The first manifestation of something being amiss with my memory was in late 2004 when I began to have problems remembering some details relative to my job.

My position as a computer systems analyst in a major Chicago area hospital required that I support the patient document imaging system, the patient registration system and the materials management system, which also included finance and accounting. These systems were not linked and each had individual characteristics, which I had to account for in the diagnosis and correction of problems, as well as installation of upgrades.
 
Having noted this memory issue, I compensated by taking copious notes about problems and writing detailed procedures for system operation, as well as problem diagnosis and correction. This helped the memory issue, but slowed me down as I could not always remember steps that were easy for me to remember in earlier times, which required me to stop and look up information in my “cheat sheets.”  

Some users noted that my verbal responses to their questions were not always immediate, and that they saw me referring to notes to find some information. They did not bring this to my attention. My memory issues had been mentioned by some users to the director of information systems, who called me into the office of my supervisor, who served as a witness to the proceedings.
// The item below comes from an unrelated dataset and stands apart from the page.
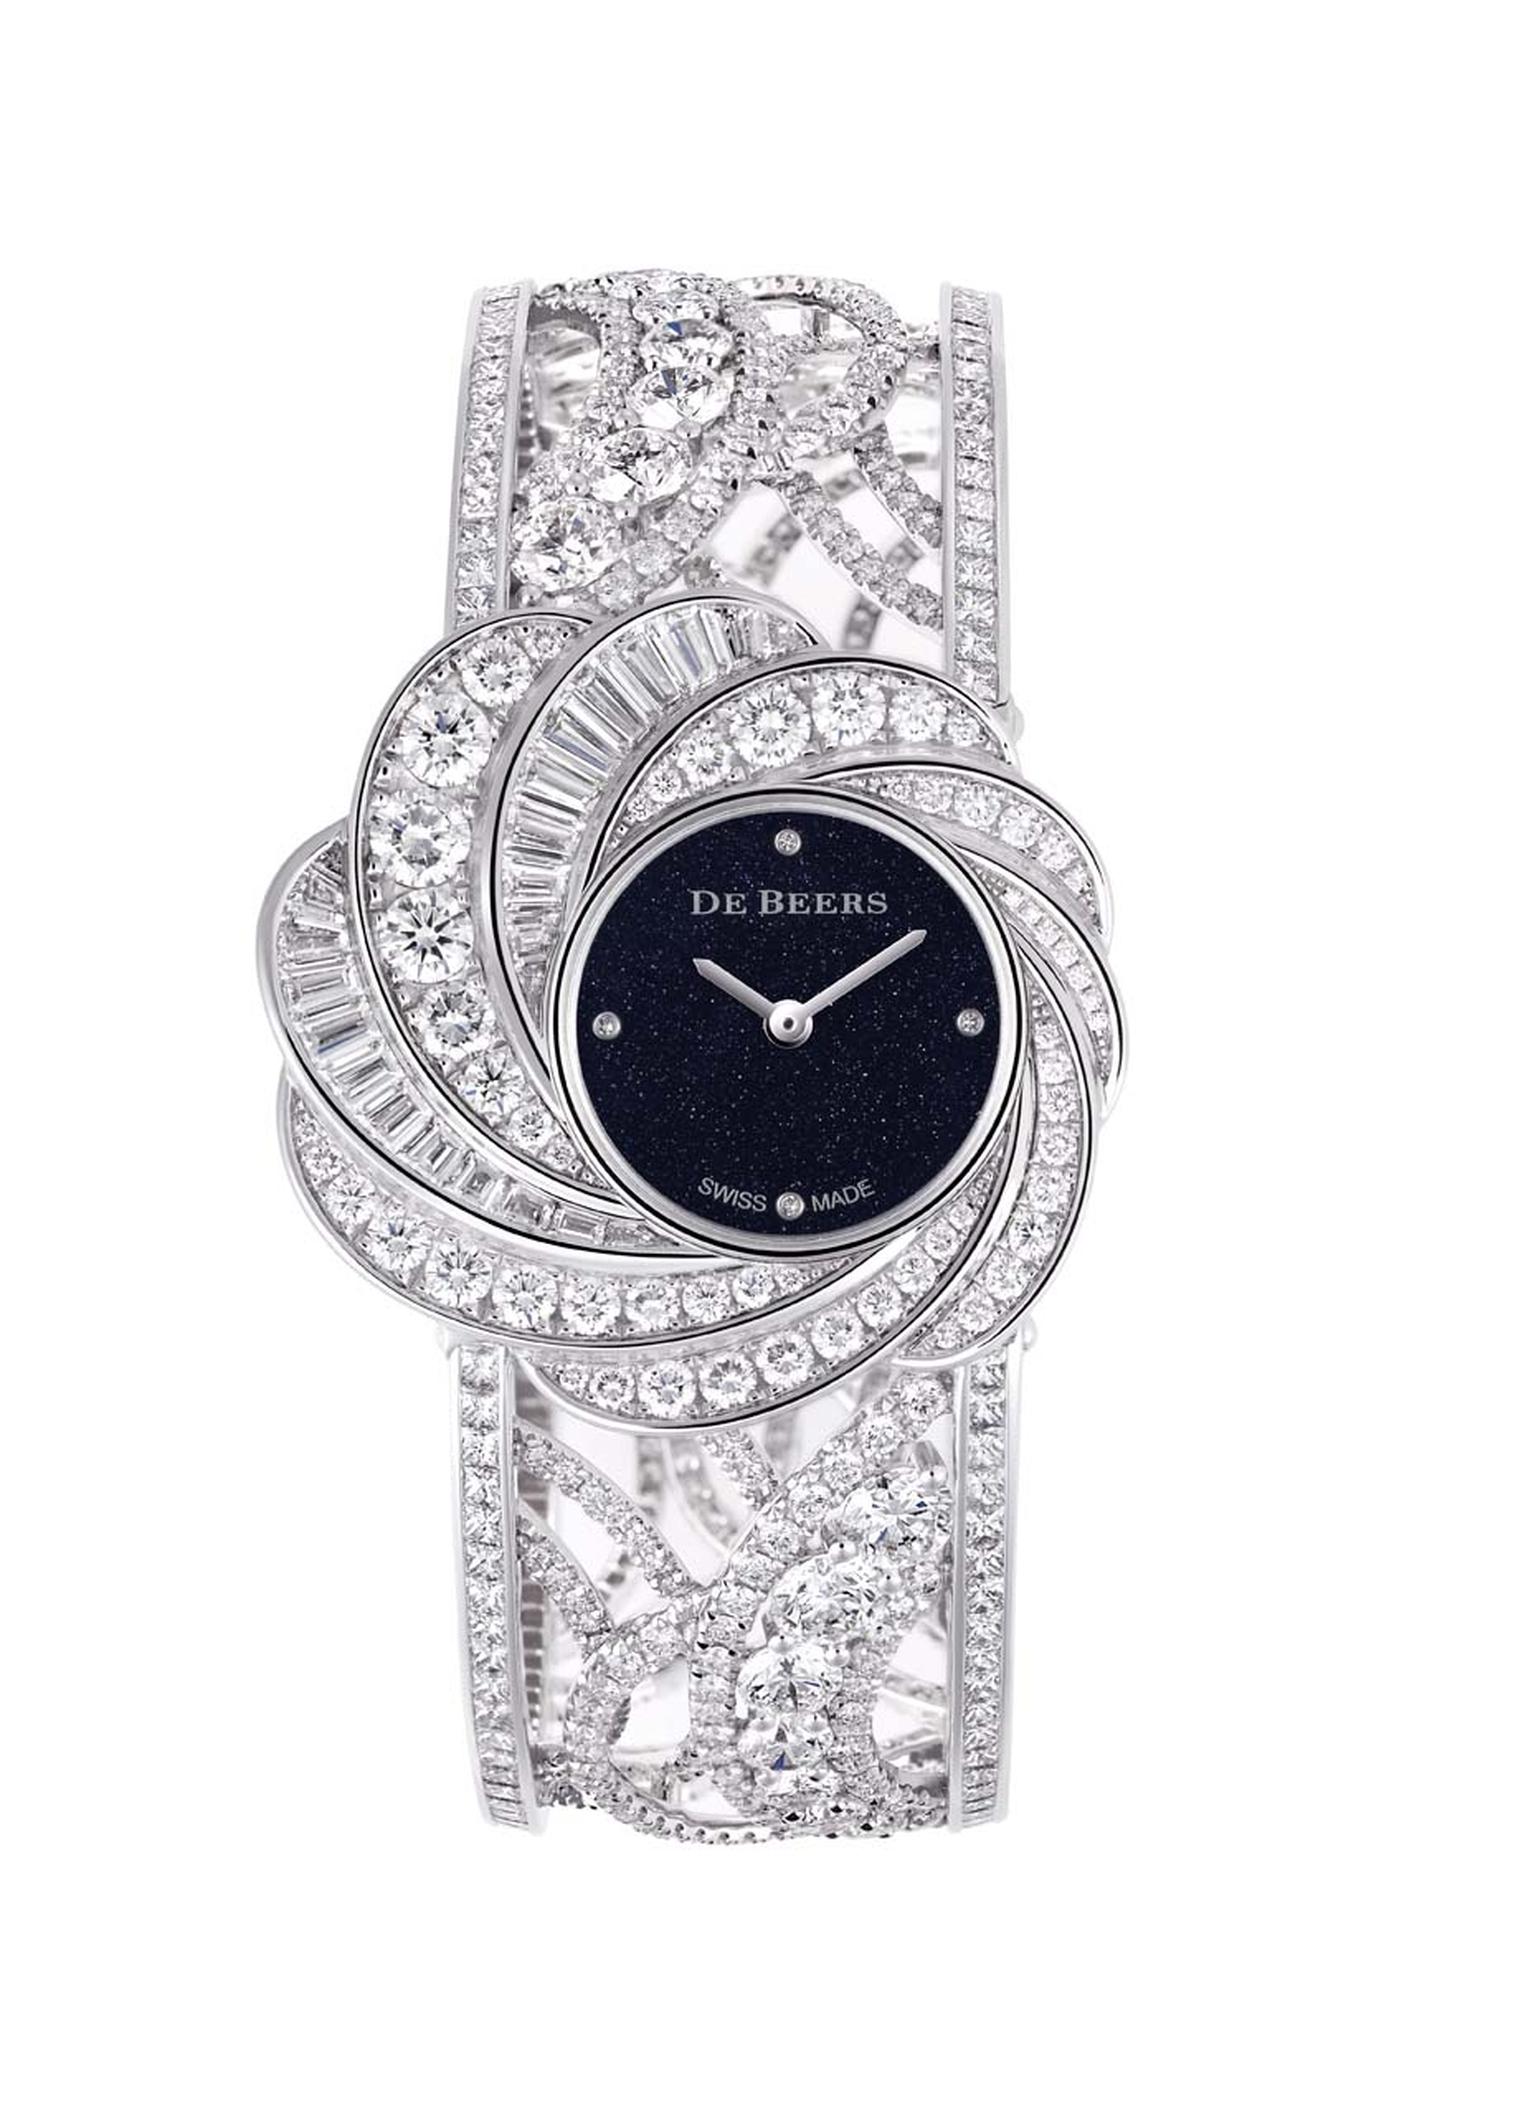 De Beers Aria High Jewellery Unique watch featuring an aventurine dial and pavé, brilliant and baguette-cut diamonds.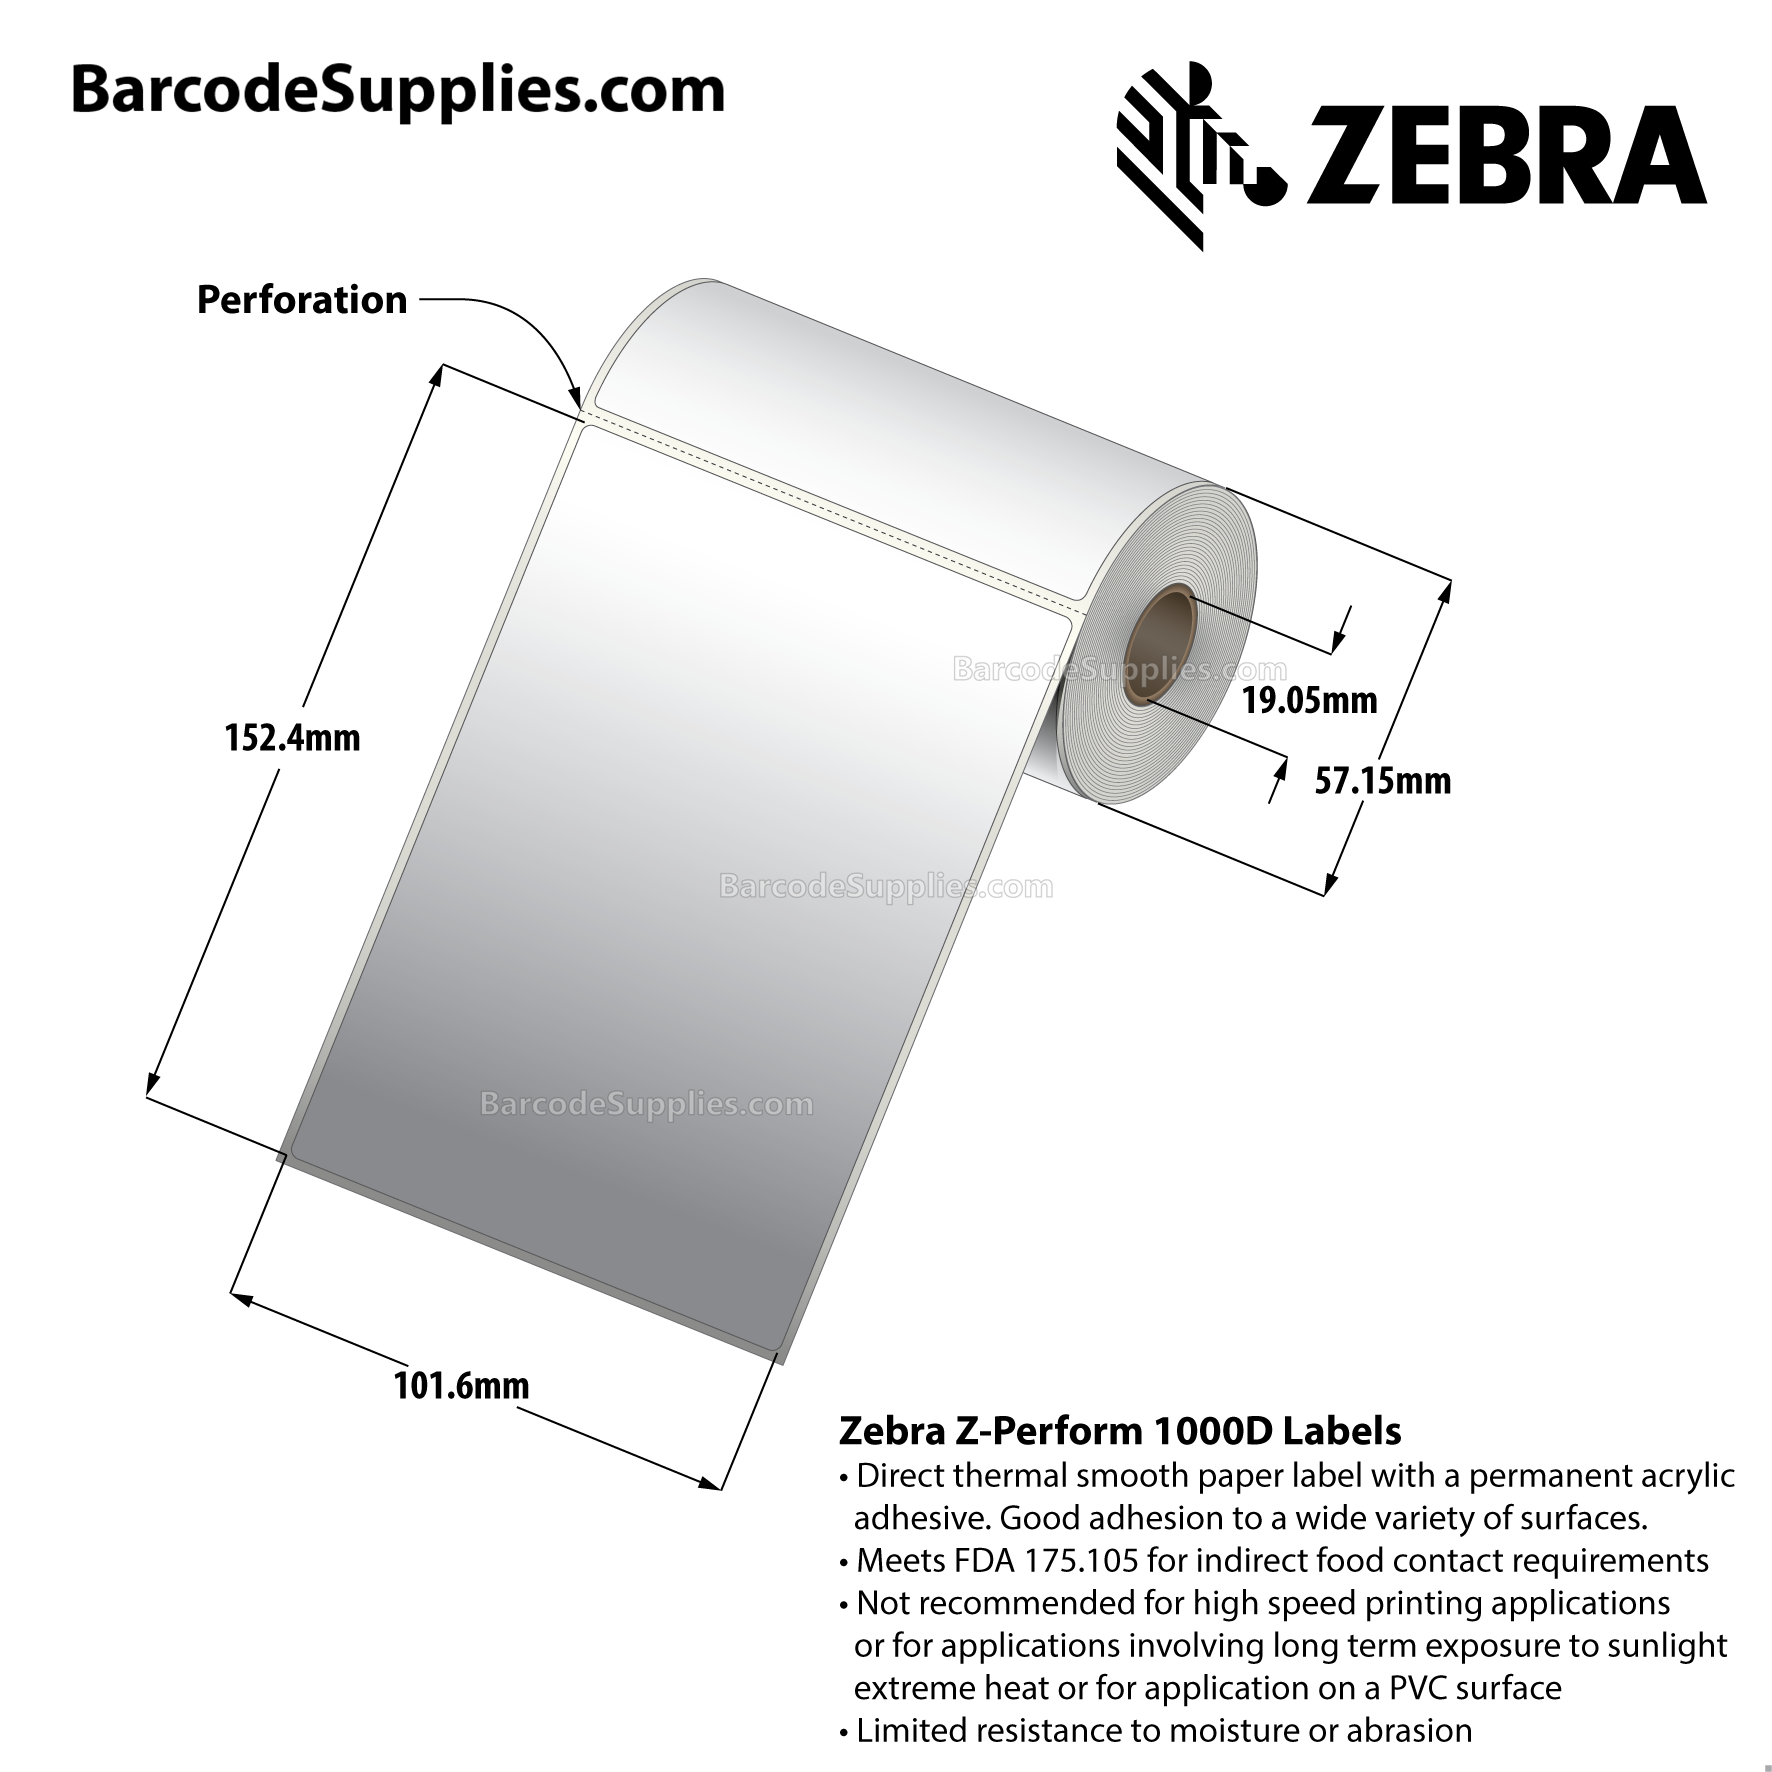 4 x 6 Direct Thermal White Z-Perform 1000D Labels With Permanent Adhesive - Perforated - 75 Labels Per Roll - Carton Of 36 Rolls - 2700 Labels Total - MPN: 10023377

Unfortunately for me, her response to the complaints was to terminate me immediately, and I was escorted out of the building. 

I was very surprised to say the least, and basically said nothing at this point, not that I had much time to do so as I was escorted out very quickly. When my wife, also a Lake Forest Hospital employee, later talked to the Director of Human Resources about my issues, she was told that my termination was due to performance issues and not any disease, as the issue did not arise after an official diagnosis was made. If I had almost any other physical impairment or disease, such as a stroke, heart attack or amputation, I would have been eligible to collect disability from the hospital.
 
Having noted these issues, my wife and I made contact with the Rush Alzheimer’s unit in Chicago, and I was evaluated there in February of 2005. The result of these tests indicated that I did have memory impairment, but they would need a follow up test in six months to confirm a diagnosis of Alzheimer’s. Thus, I was evaluated again the following August, and the tests showed a decline from the February results, which led to a diagnosis of Alzheimer’s. 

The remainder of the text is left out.